Each of these scenarios is critical to enabling core business processes and driving business decisions. None of these examples belong in any one ERP, EHR, billing, or other transactional system, nor do they justify the effort and cost to customize these systems. Without this Excel-based data, these companies could not close period-end financials, pay their sales team, provide pricing info to customers, or organize a sales team for optimal performance. Furthermore, business users increasingly demand ways to quickly make changes without requiring an “IT project” for every change. Today, companies want to be agile and proactive. They need to capitalize on the tools, technologies, and deep analytics available. Business as usual is not good enough anymore.
Simply put, orphan data is often the root cause of many company’s struggles to enable more efficient core business processes. The following list represents some of the challenges associated with enabling more efficient orphan data:
- lack of compliance
- data quality issues
- lineage/audit history
- collaboration issues
- ease and speed of making changes, by the data and process owners
Some good news exists! Tools have evolved to meet some of the challenges. Let’s examine some of the common tools being used by organizations, and what to look for.
Over the past decade, tools like SharePoint, Teams, and others have provided an easier way to store and access orphan data, but they only solve the issue of storage and access. The data stored in SharePoint/Teams needs to be transferred/moved on a regular basis to a location of wider access. That often means data movement to an Enterprise Data Warehouse (EDW), Data Lake, Object Store, etc. This data must be made available to enterprise reports, analytic models, and other planning applications. As a result, the issues of compliance, security, governance, data quality, lineage, and scale remain.
To address these other challenges, let’s examine some other options. This list contains the key capabilities to look for when evaluating tools:
- A web-based tool with a good end-user experience. The browser-based capability negates the need to have end users install or maintain any client level details. As well, a web-based tool can be more easily extended externally to key partners, customers, or vendors.
- Ability to support easy download and upload via Excel, as users have grown comfortable using Excel.
- Data quality enforcement with a business rules engine and the option to configure rules without coding.

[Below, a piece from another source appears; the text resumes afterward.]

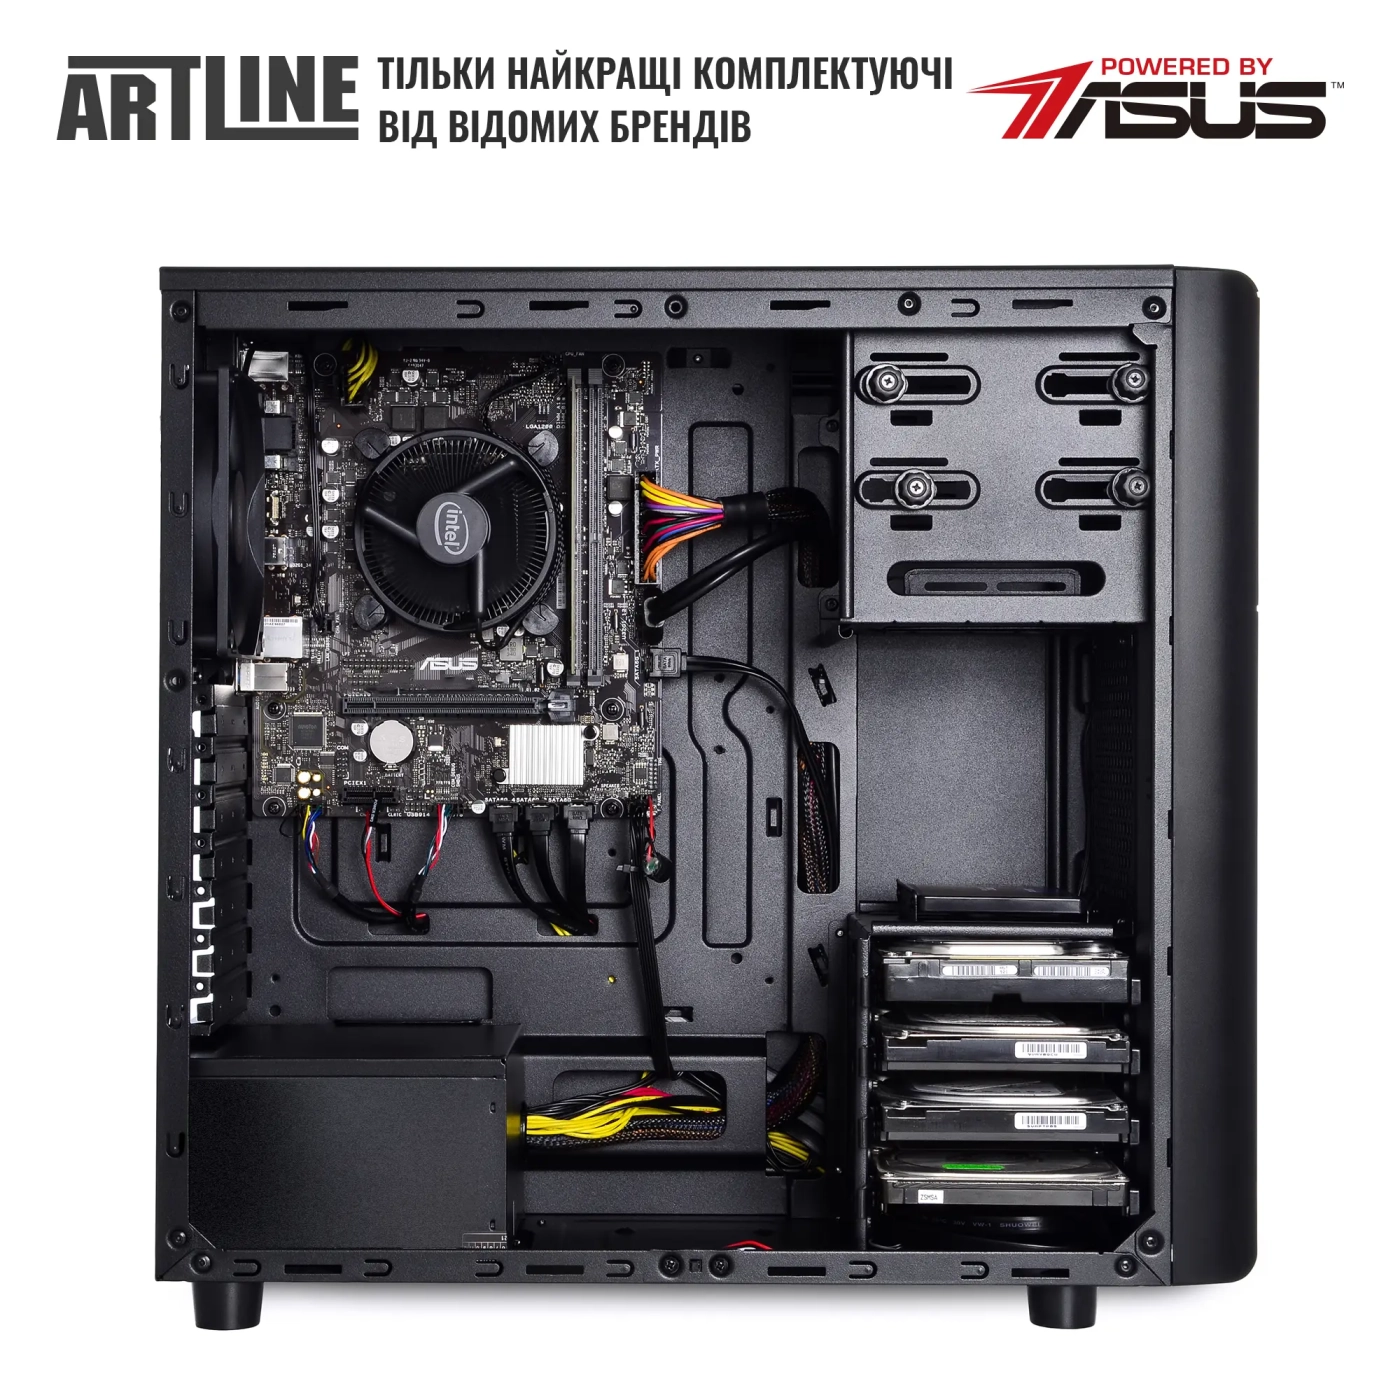 Купить Сервер ARTLINE Business T35 (T35v39) - фото 4

- Works directly on the data store of choice to minimize/eliminate any data movement. (And remember, changes at the speed of business is the goal. If the tool can communicate with multiple data stores, that’s a bonus.)

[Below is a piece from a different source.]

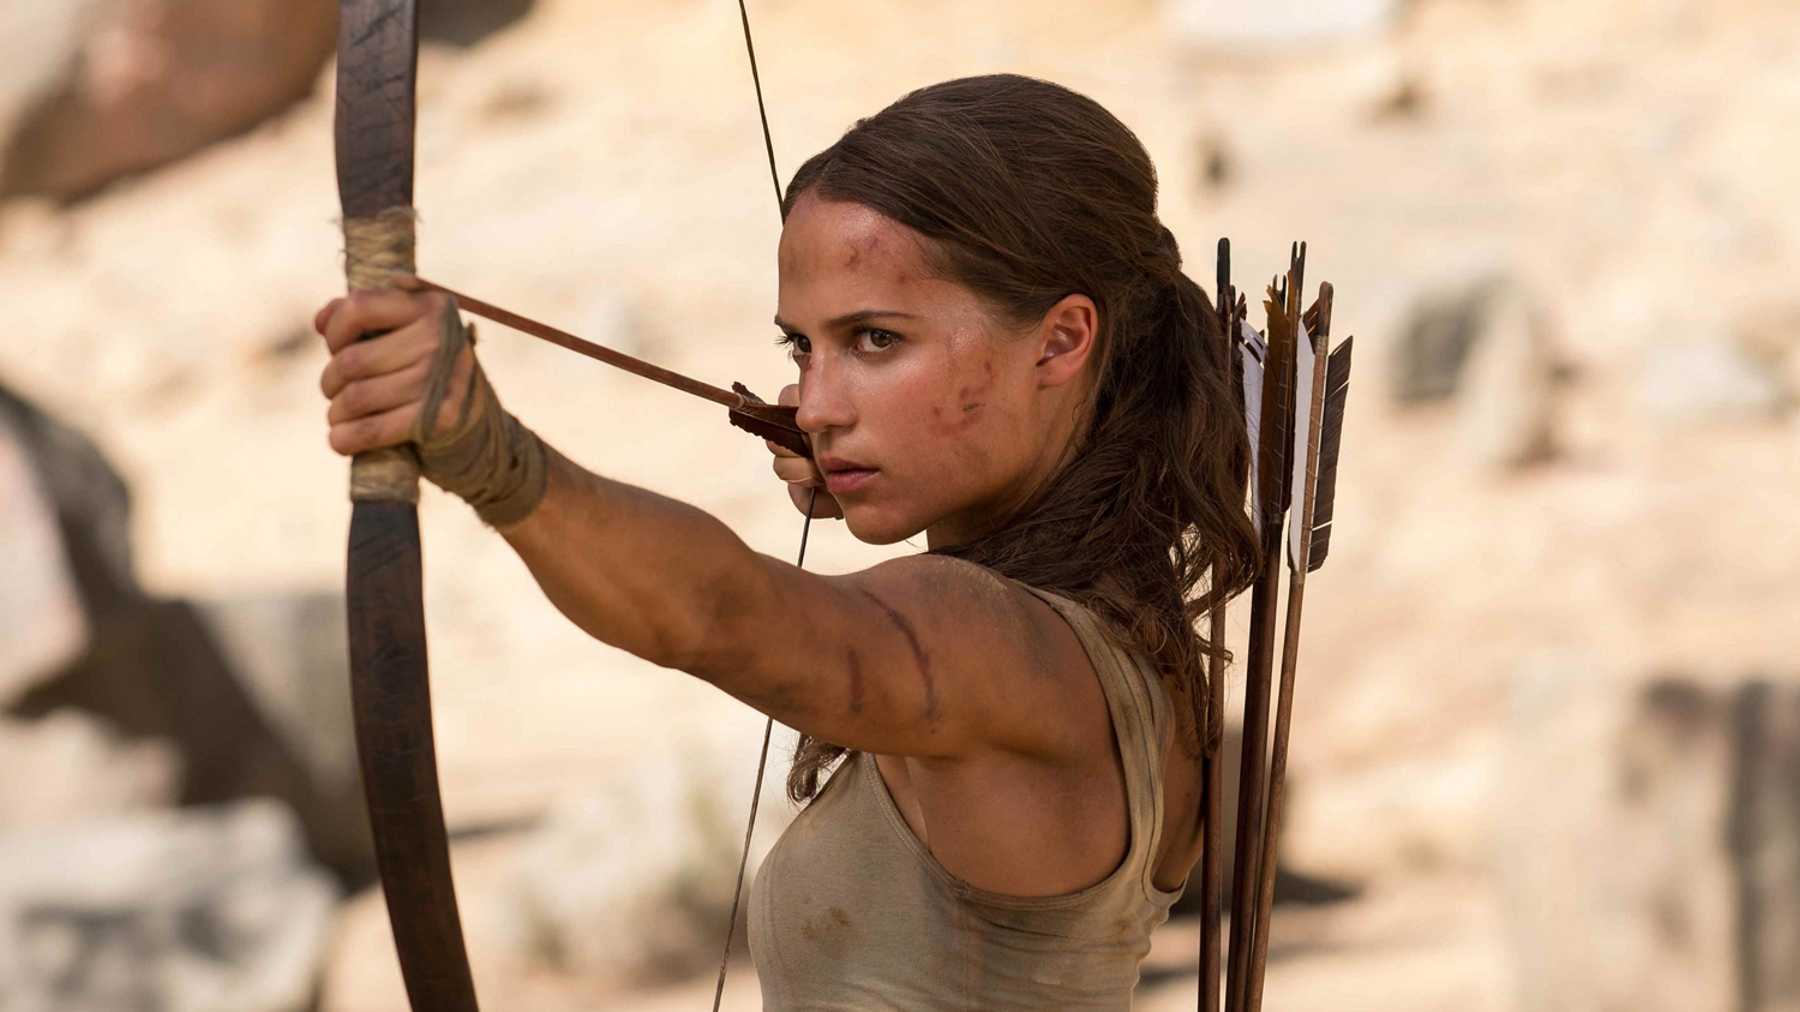 Elenco de Tomb Raider: atores do filme

- Self-service tool that is easy to configure, but flexible enough to support your organization’s specific processes and needs when required.

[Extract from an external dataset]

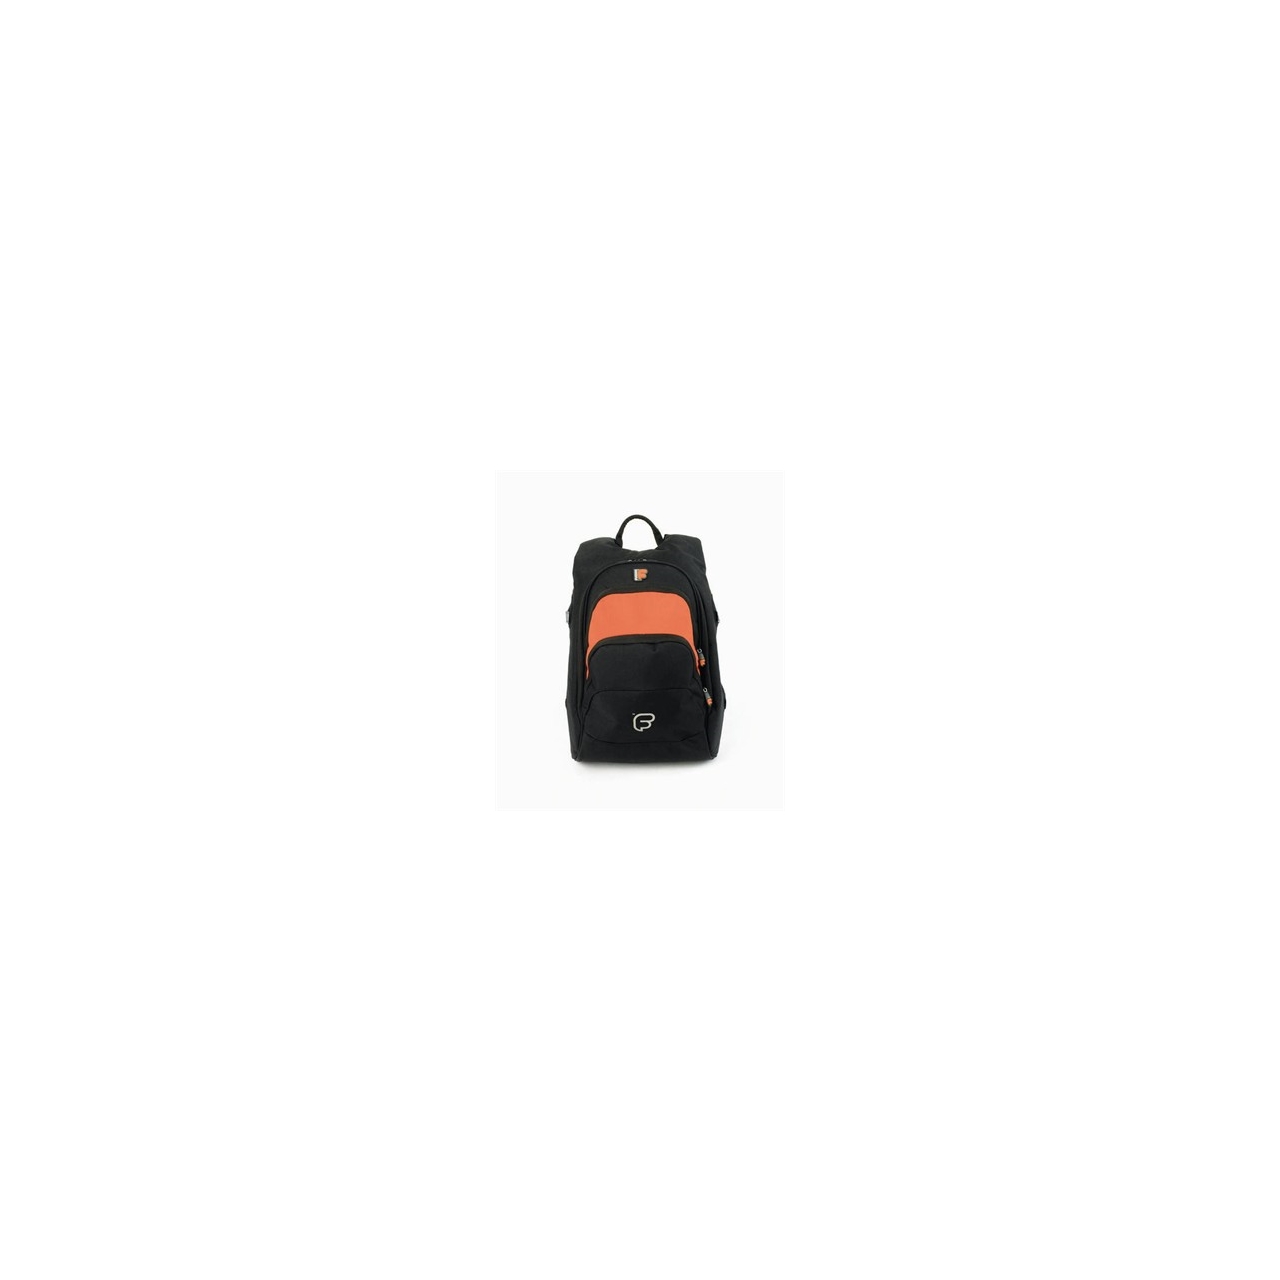 Fusion F1 Laptop Backpack Bag Black/Orange

- Provide strong approvals and workflow capabilities that can be configured by non-technical business users.
- Provide strong access control and security, with the ability to integrate to your organization’s authentication tools.
- Provide audit tracking and history (who changed, what changed, why changed, etc.)
- Easy to configure structure changes for data (change/add attributes, tables, views, UI’s, etc.)
- Teradata’s Reference Data Manager (RDM) satisfies all the listed capabilities. Teradata released one of the industry’s first RDM solutions over a decade ago. While other RDM tools may focus exclusively on managing codes and relationships, Teradata leverages basic code and relationship management capability to deliver wider data management capabilities. For instance, Teradata RDM automatically generates data maintenance UIs and web services for any data table. An example of the auto generated web UI is displayed below. Additionally, Teradata RDM can quickly convert a spreadsheet into a table.
For each of the business use case scenarios listed in the first section, Teradata RDM quickly solved the challenges of orphan data. The below steps were followed:
- Model each scenario as a collection of tables, views, etc. These tables/views looked very similar to the original Excel spreadsheets.
- Leverage the reference data self-service tool (RDM) that auto-generates web UIs for each table. The web UI supports table maintenance without code and the upload/download via Excel. The Excel upload process supports data quality enforcement (both data model and application-level business rules).
- Attributes that require quality checks are isolated and determined if data model logic could enforce quality or if other rules/logic were required (i.e., data type enforcement or valid value list enforcement).
- Business rules (typically SQL) were defined for the non-data model rules (valid ranges, tolerances, etc.). Teradata RDM provides a business rules wizard that creates SQL rules without coding.
- Data ownership for each attribute was identified and incorporated into the role-based access control. The self-service tool supports granular role-based access to the level of row and column (cell) intersection.
- Six months after deployment, 90% of the users from the above examples were no longer using Excel to make most updates. The 10% exceptions were still using Excel for bulk data uploads.
Overall, orphan data challenges can be daunting. However, when you combine the right process and technologies, the solution becomes straightforward.